## PROVIDED MATERIAL:
——

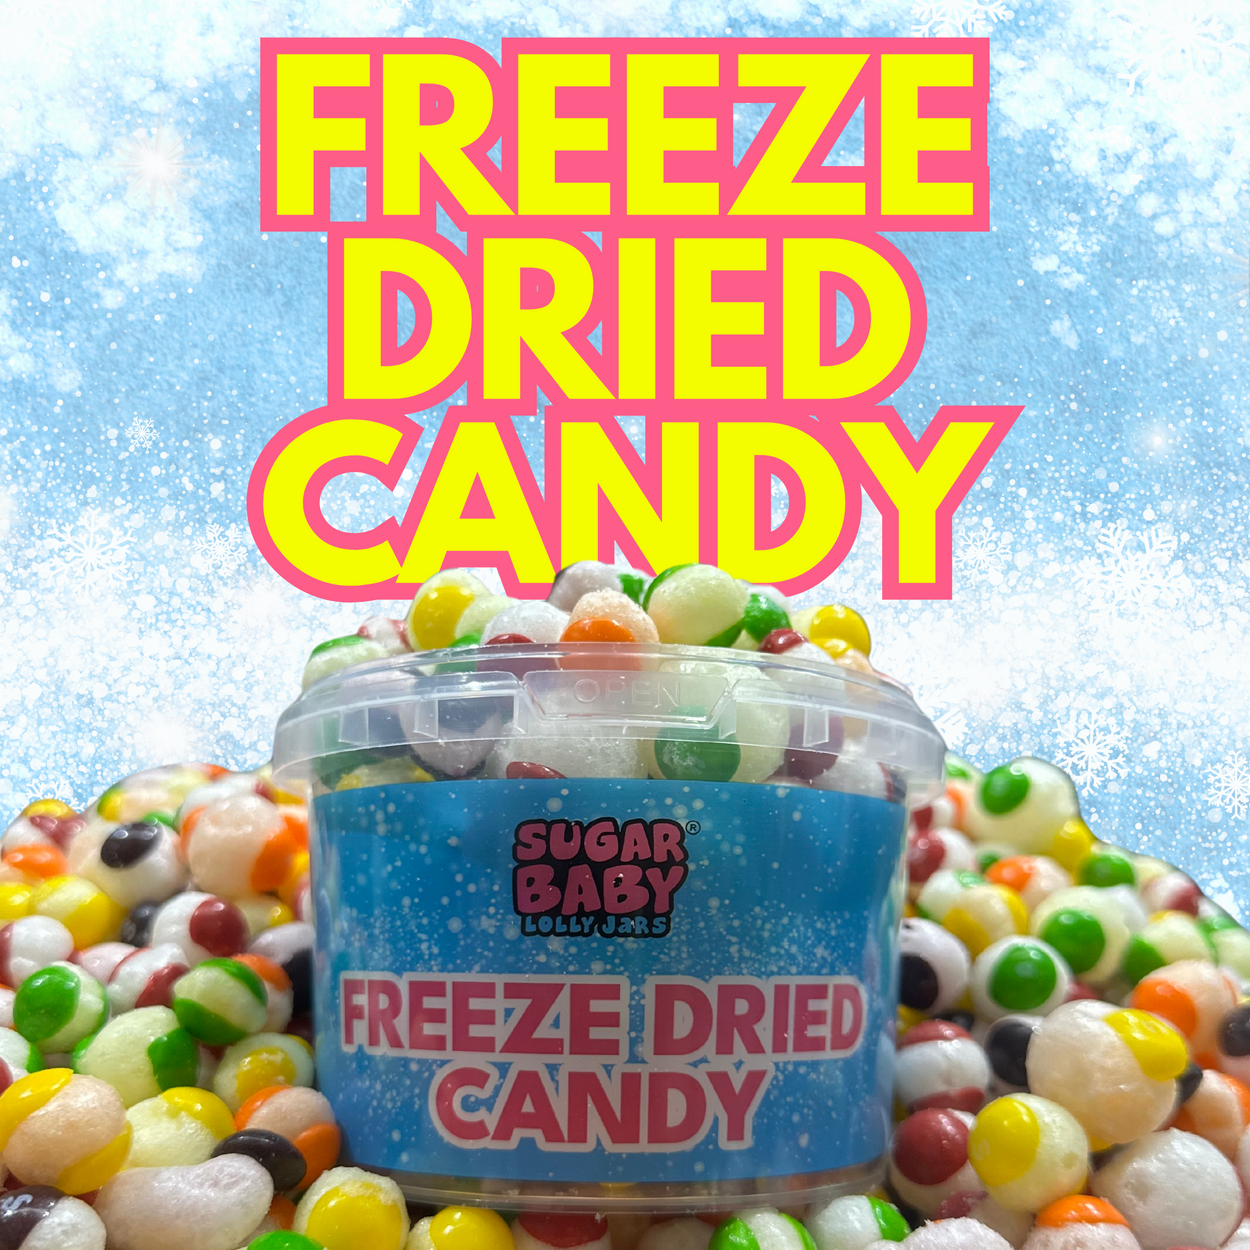 FREEZE DRIED CANDY
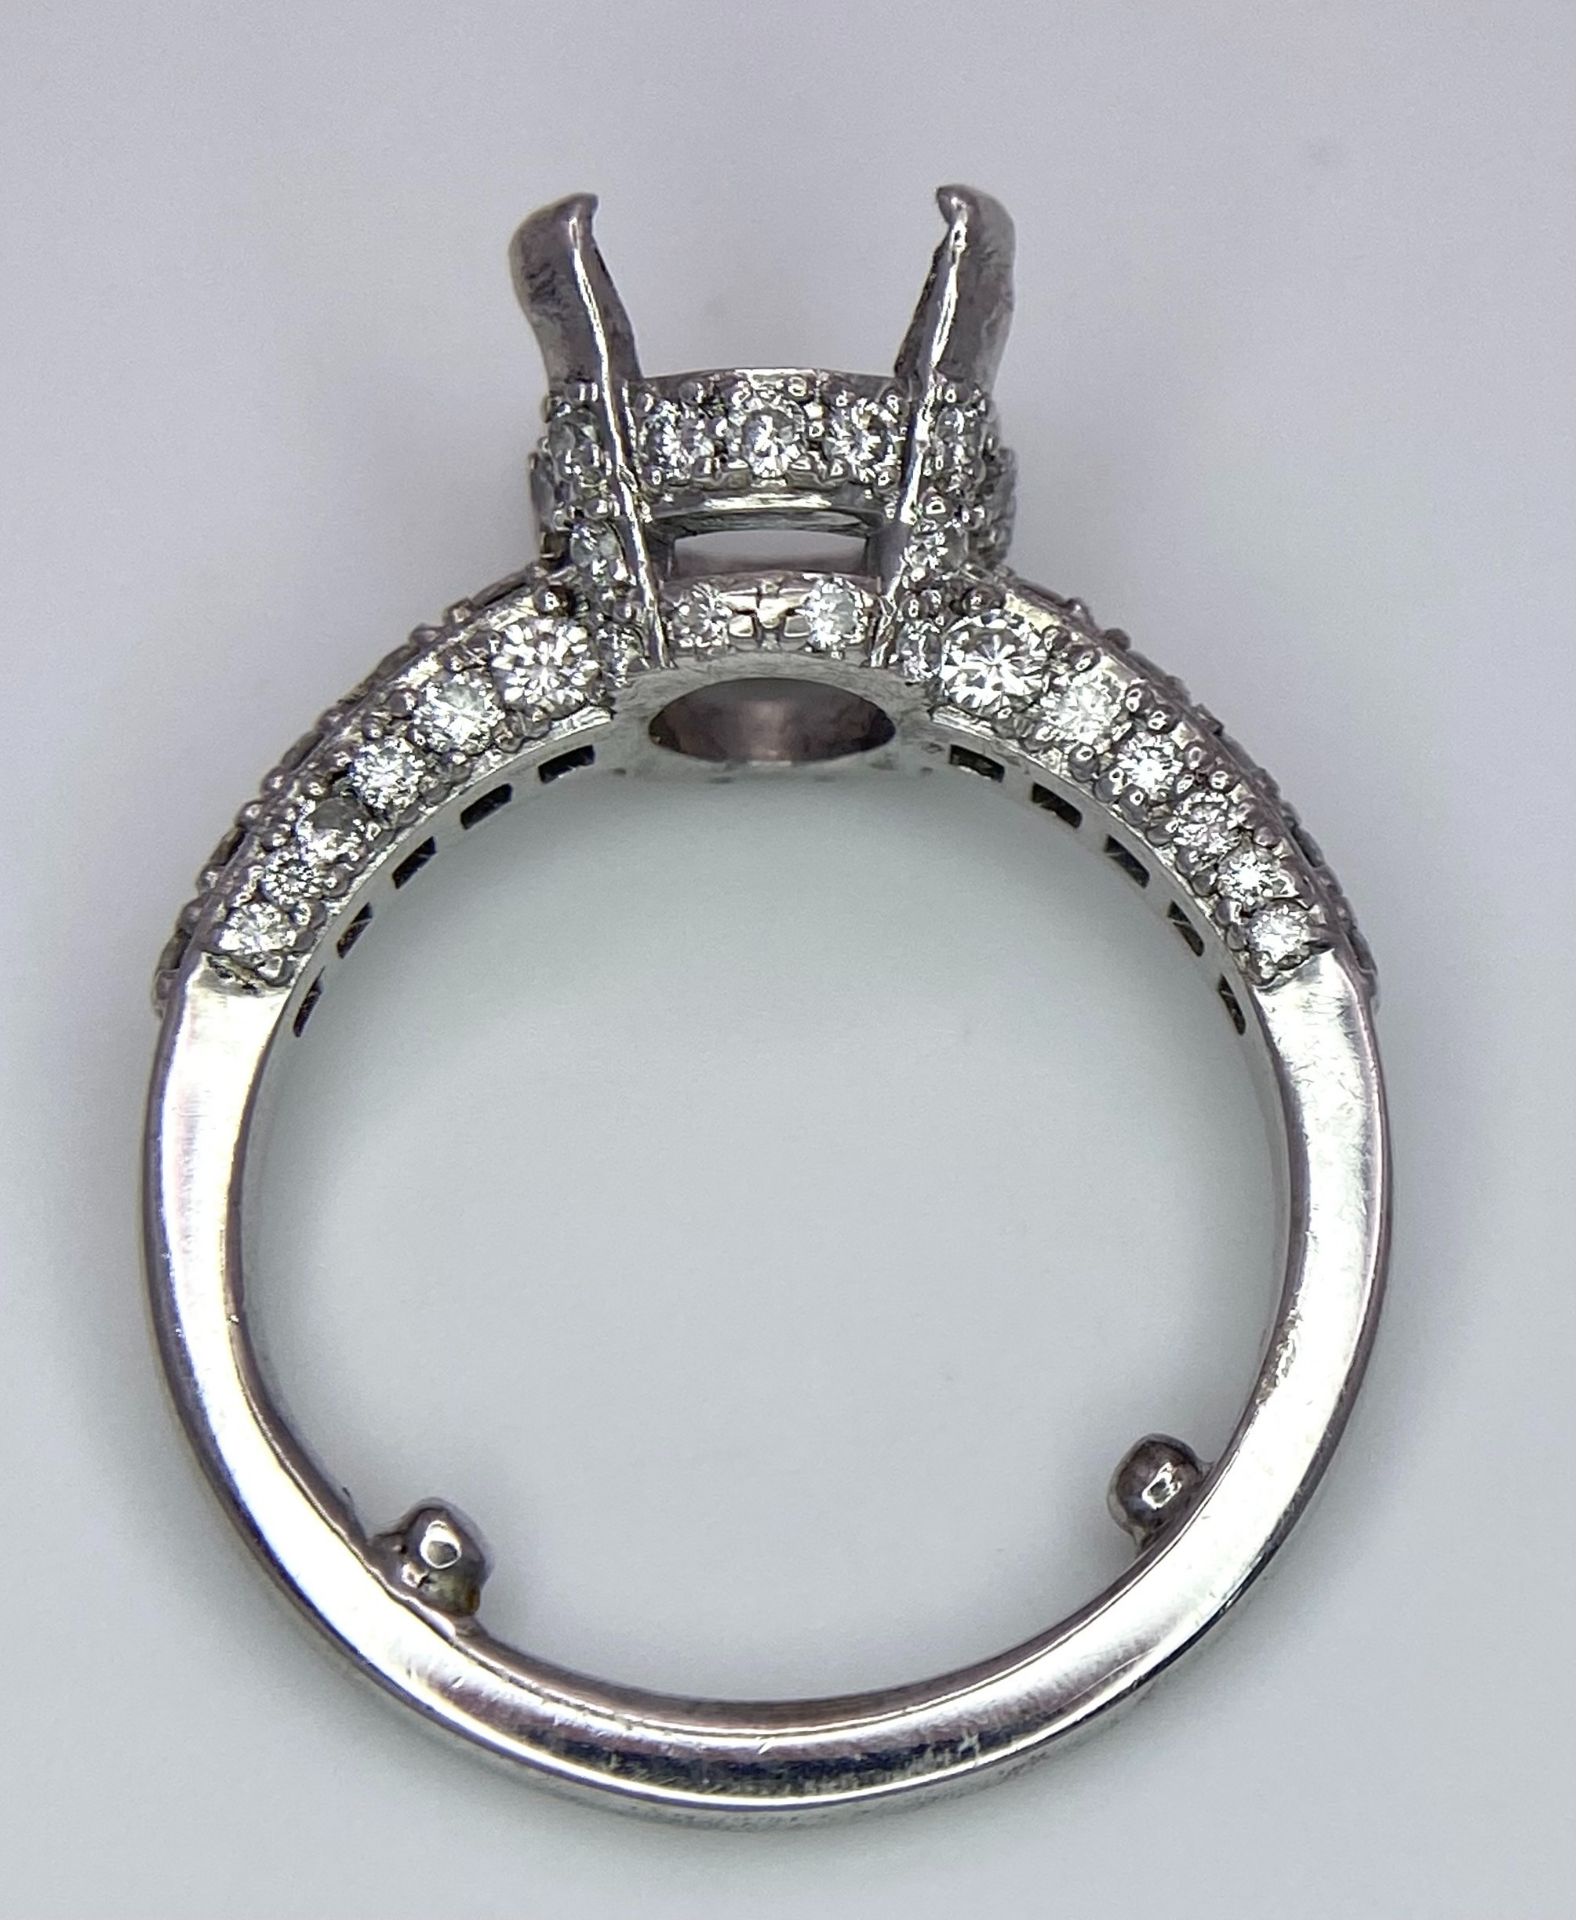 AN 18K WHITE GOLD 4 CLAW SINGLE STONE RING WITH DIAMOND SET BEZEL, SHOULDERS AND SIDES - Ready to - Image 5 of 6
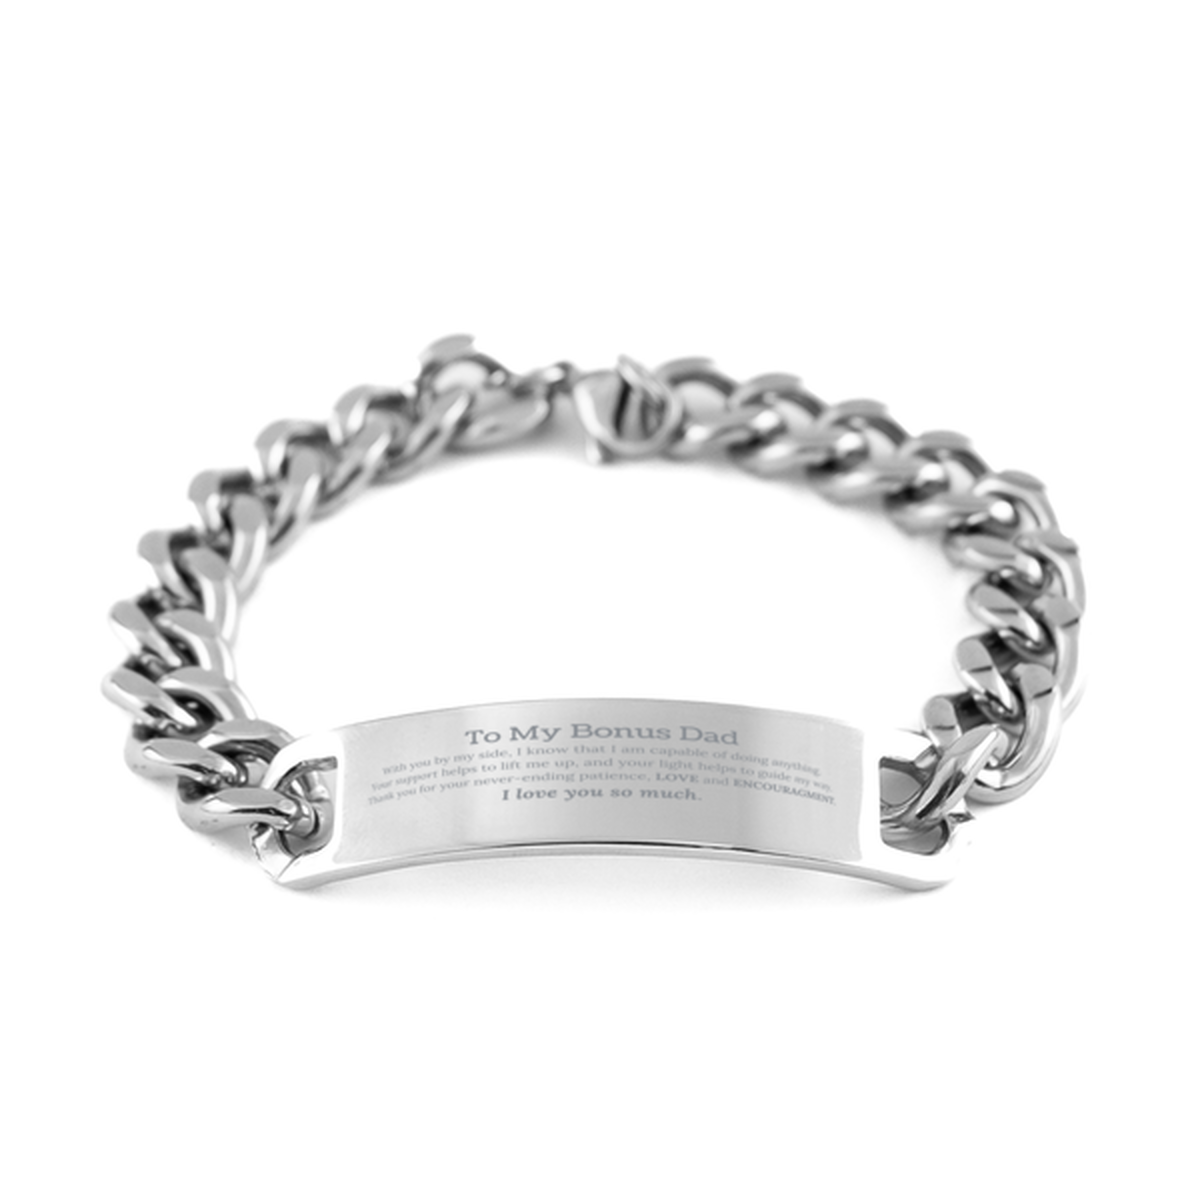 Appreciation Bonus Dad Cuban Chain Stainless Steel Bracelet Gifts, To My Bonus Dad Birthday Christmas Wedding Keepsake Gifts for Bonus Dad With you by my side, I know that I am capable of doing anything. I love you so much
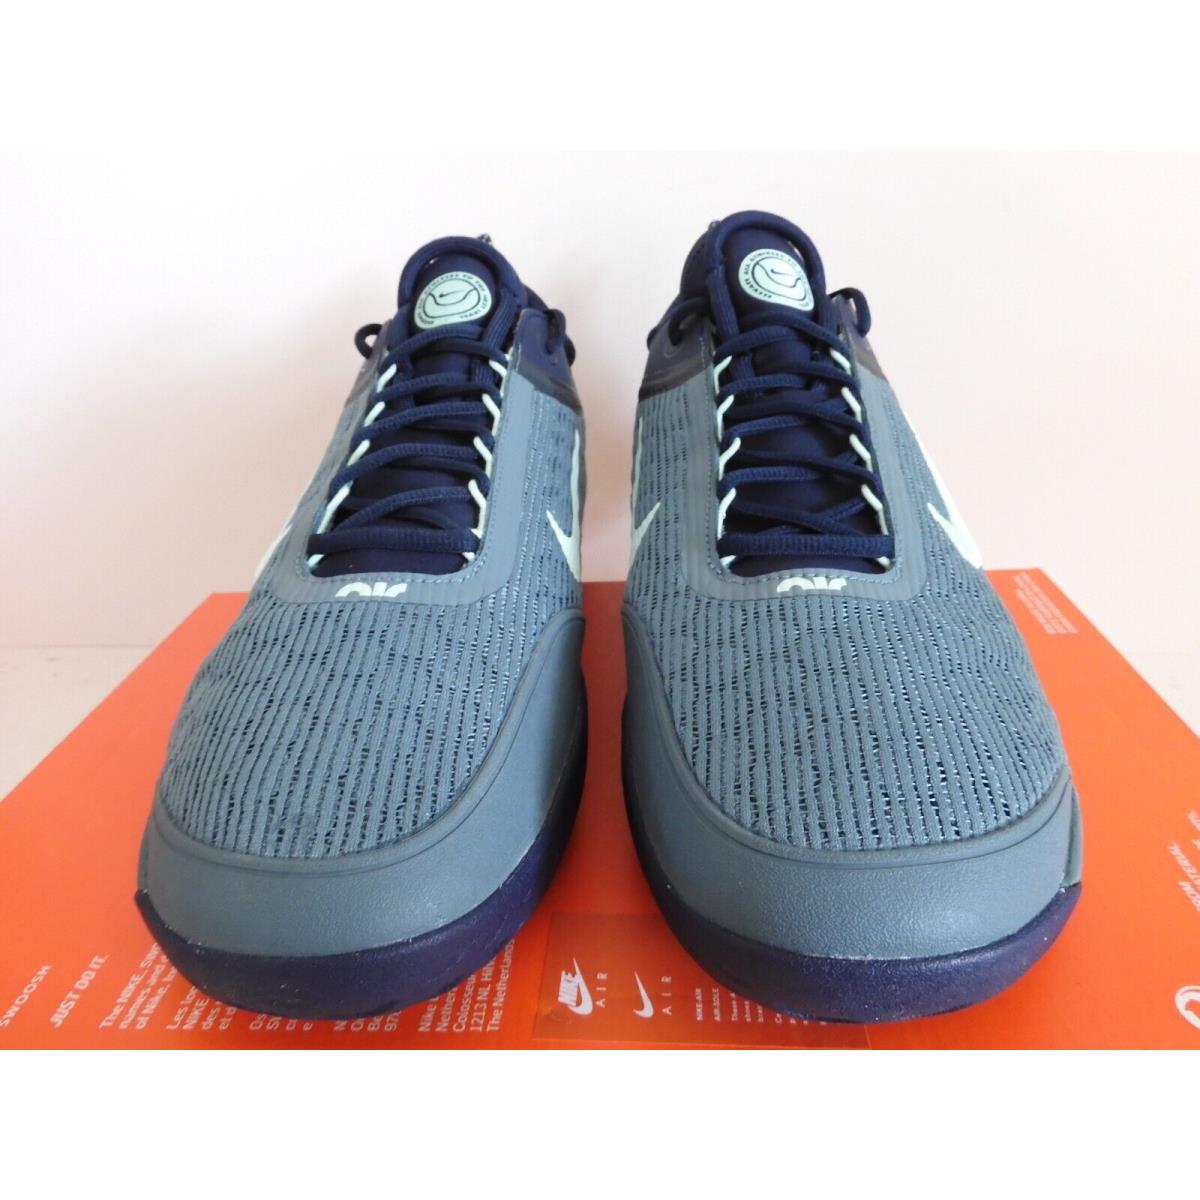 Nike shoes Zoom Court - Blue 1

——

## WORK REQUEST:
Any picture in the material is to be left out, and everything else is to be retyped as is.

## WRITTEN SOLUTION:
 FREEZE DRIED CANDY
 AN 18K WHITE GOLD 4 CLAW SINGLE STONE RING WITH DIAMOND SET BEZEL, SHOULDERS AND SIDES - Ready to - Image 5 of 6
 Appreciation Bonus Dad Cuban Chain Stainless Steel Bracelet Gifts, To My Bonus Dad Birthday Christmas Wedding Keepsake Gifts for Bonus Dad With you by my side, I know that I am capable of doing anything. I love you so much
 Nike shoes Zoom Court - Blue 1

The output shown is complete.